Le Liban a adhéré à la CEDEF le 16 avril 1997, mais les réserves émises aux articles 9 et 16 par l’Etat sur cette Convention font en sorte de creuser le fossé entre hommes et femmes. Le préambule de la Constitution libanaise dispose que « Le Liban est une République démocratique, parlementaire, fondée sur le respect des libertés publiques et en premier lieu la liberté d’opinion et de conscience, sur la justice sociale et l’égalité dans les droits et obligations entre tous les citoyens sans distinction ni préférence ».

L’article 7 de cette charte fondamentale précise que « Tous les Libanais sont égaux devant la loi. Ils jouissent également des droits civils et politiques et sont également assujettis aux charges et devoirs publics, sans distinction aucune ». Si la Constitution libanaise consacre « l’égalité dans les droits et obligations entre tous les citoyens sans distinction ni préférence » comme un des principes fondateurs de la République, les textes de loi contiennent toujours de nombreuses dispositions discriminatoires à l’égard des femmes. La réforme de la loi électorale en 1953 a consacré les droits politiques des femmes qui peuvent être électrices et éligibles.

L’article 562 du Code pénal concernant les crimes d’honneur est abrogé en 2011. Cet article prévoyait que la « protection de l’honneur de la famille » était considérée comme une circonstance atténuante dans le cadre de meurtres de femmes, permettant d’alléger la peine du meurtrier.

En 2018, abrogation de l’article 522 du Code pénal qui stipulait qu’un violeur pouvait échapper à la condamnation s’il reconnaissait son crime et épousait sa victime.
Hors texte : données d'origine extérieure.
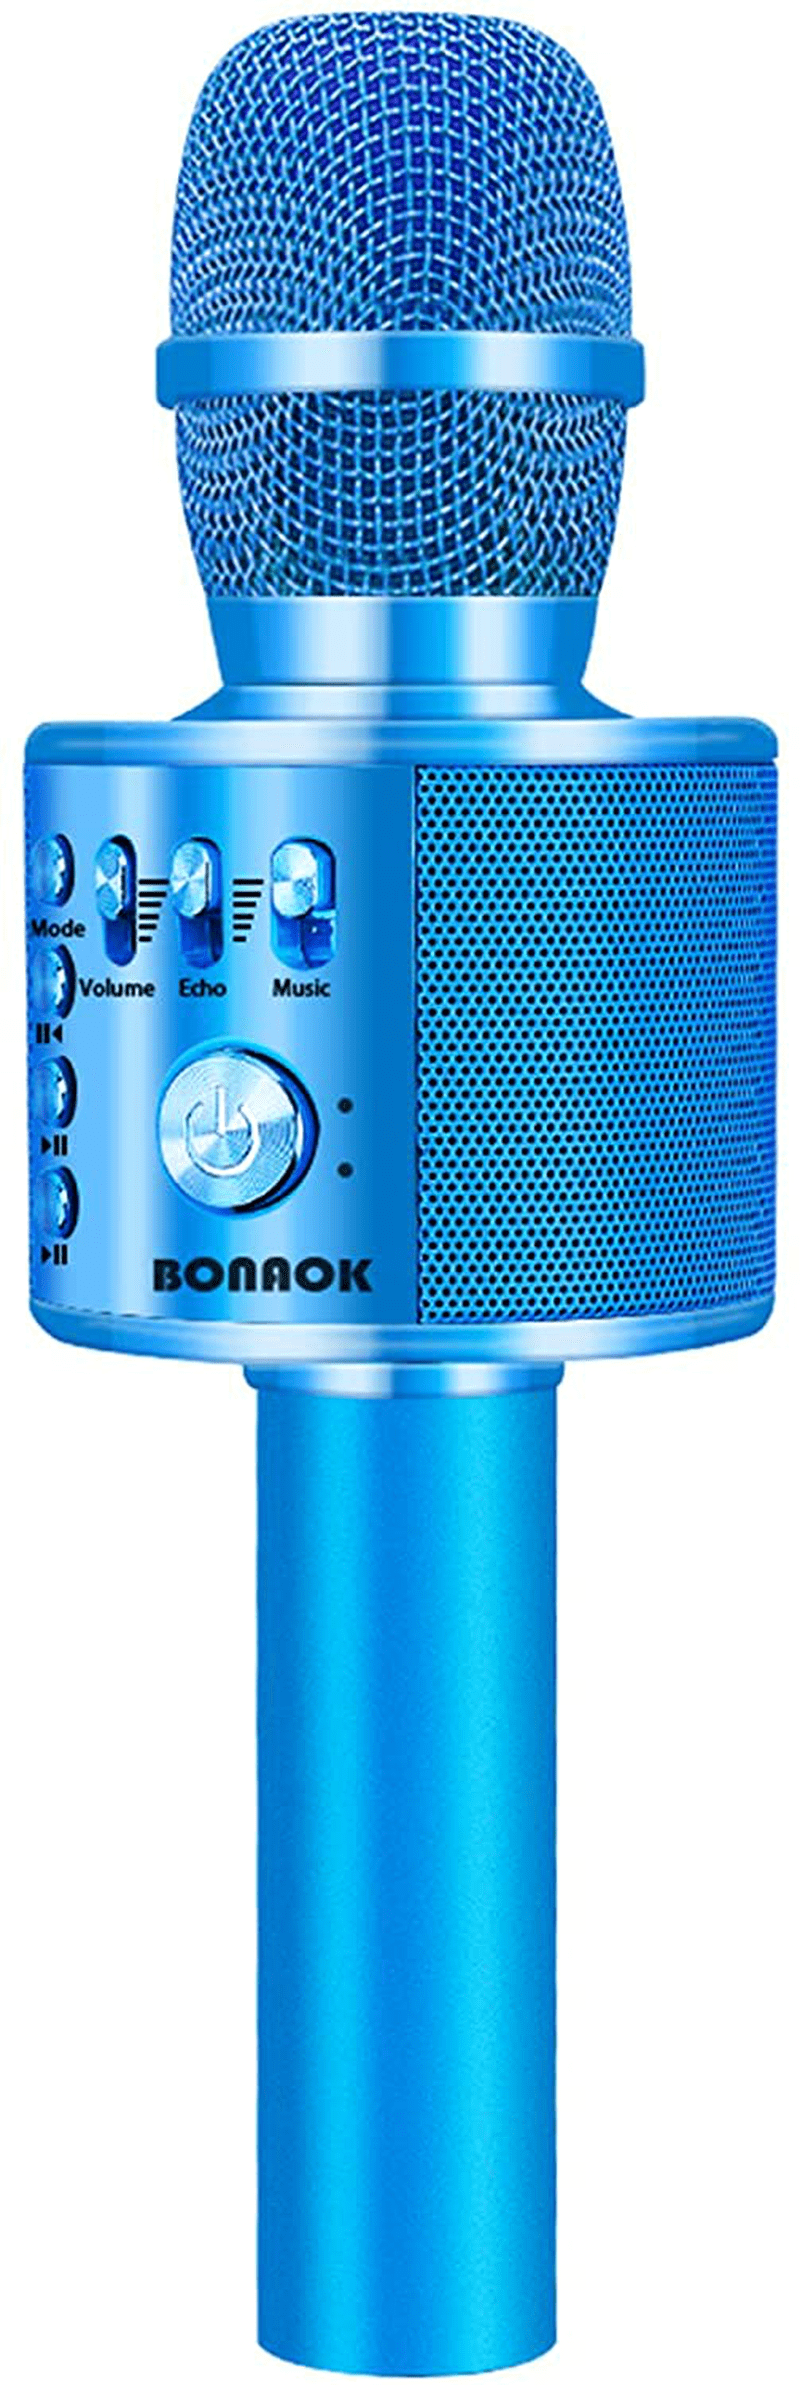 BONAOK Wireless Bluetooth Karaoke Microphone,3-in-1 Portable Handheld Karaoke Mic Speaker Machine Home Party Birthday for All Smartphones PC(Q37 Rose Gold) Electronics > Audio > Audio Components > Microphones BONAOK blue

Les effets de cet article sont toutefois maintenus dans deux situations prévues dans les articles 505 et 518 : en cas d’une relation sexuelle consentie avec une mineure âgée entre 15 et 18 ans et en cas d’une relation sexuelle non consentie avec une mineure âgée de 15 à 18 ans, mais avec promesse de mariage.

Si le droit libanais du travail reconnaît, depuis 1946, une égalité de principe entre employées et employés, il a fallu attendre tout de même l’an 2000 pour que la loi interdise expressément à l’employeur toute discrimination en raison du genre concernant la nature du travail, la rémunération, l’emploi, la promotion, l’augmentation de salaire, la formation continue et l’habillement.

Le législateur a augmenté la durée du congé de maternité qui est passée de 40 à 49 jours (9 jours de plus) et a interdit le licenciement d’une femme enceinte, possibilité qui était ouverte à l’employeur, jusqu’à l’an 2000, durant les 5 premiers mois de grossesse. La loi sur la violence conjugale adoptée le 1er avril 2014 constitue une avancée bien qu’elle souffre de quelques lacunes. Les dispositions légales discriminatoires à l’égard des femmes persistent dans les lois sur le statut personnel.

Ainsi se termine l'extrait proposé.